[Task description]
Repeat the listing exactly. Pictures stay out of your copy.

[Material provided]
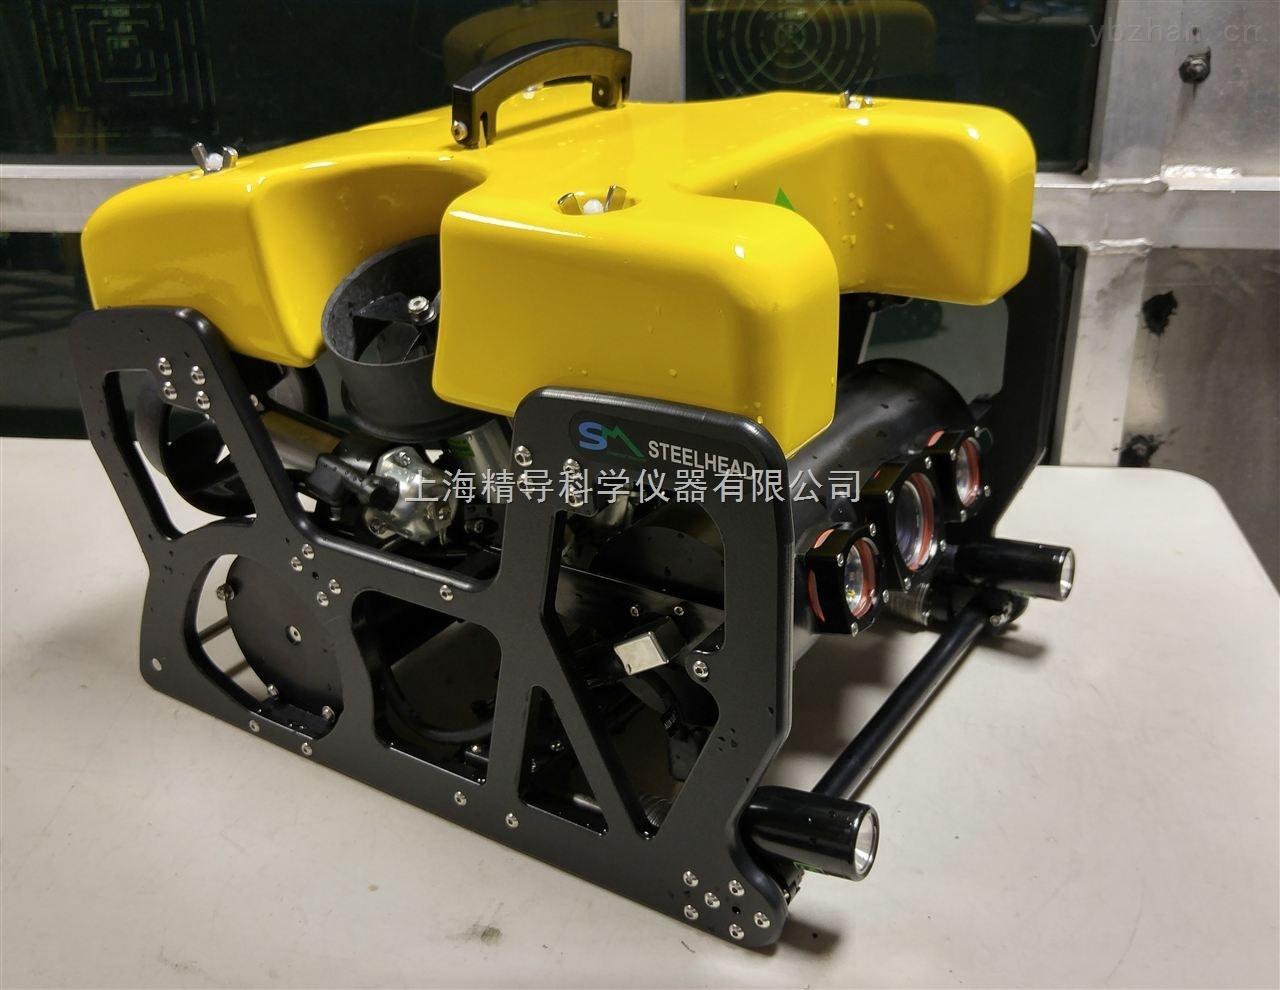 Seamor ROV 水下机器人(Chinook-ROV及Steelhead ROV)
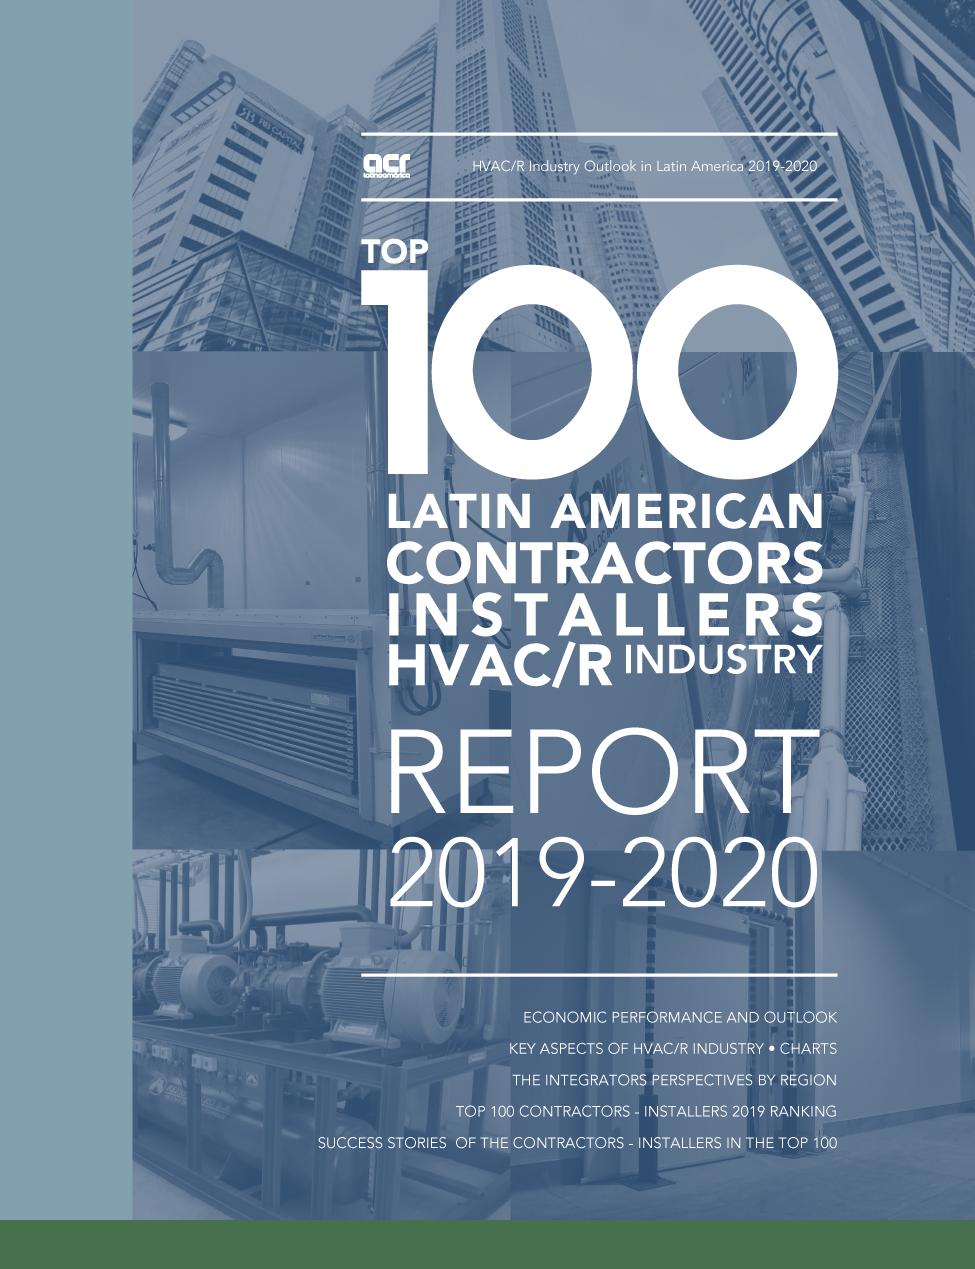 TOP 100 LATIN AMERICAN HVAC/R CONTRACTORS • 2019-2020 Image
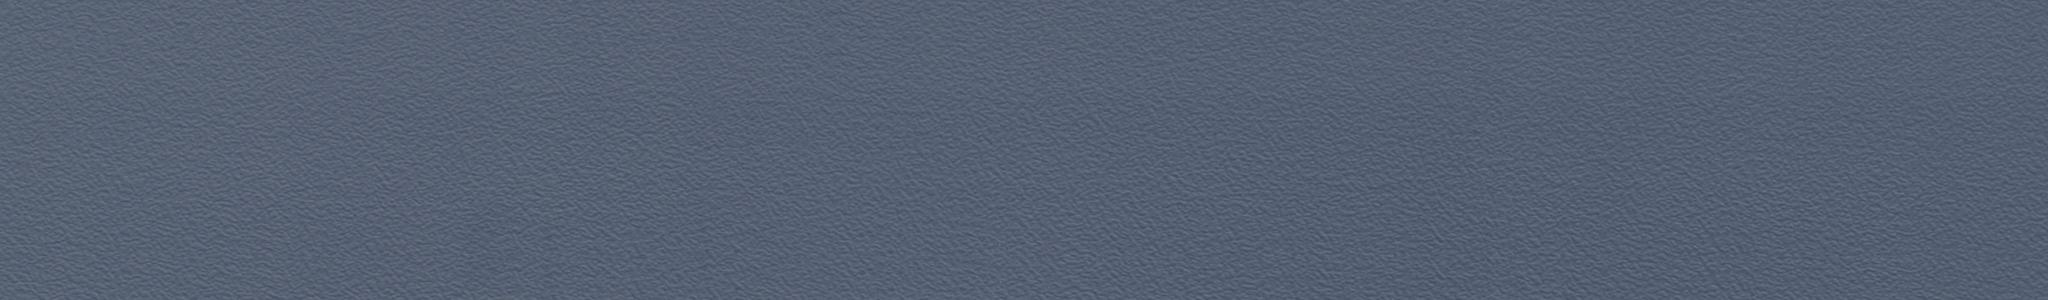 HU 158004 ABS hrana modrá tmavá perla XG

[Your solution]
 Seamor ROV 水下机器人(Chinook-ROV及Steelhead ROV)
 TOP 100 LATIN AMERICAN HVAC/R CONTRACTORS • 2019-2020 Image
 HU 158004 ABS hrana modrá tmavá perla XG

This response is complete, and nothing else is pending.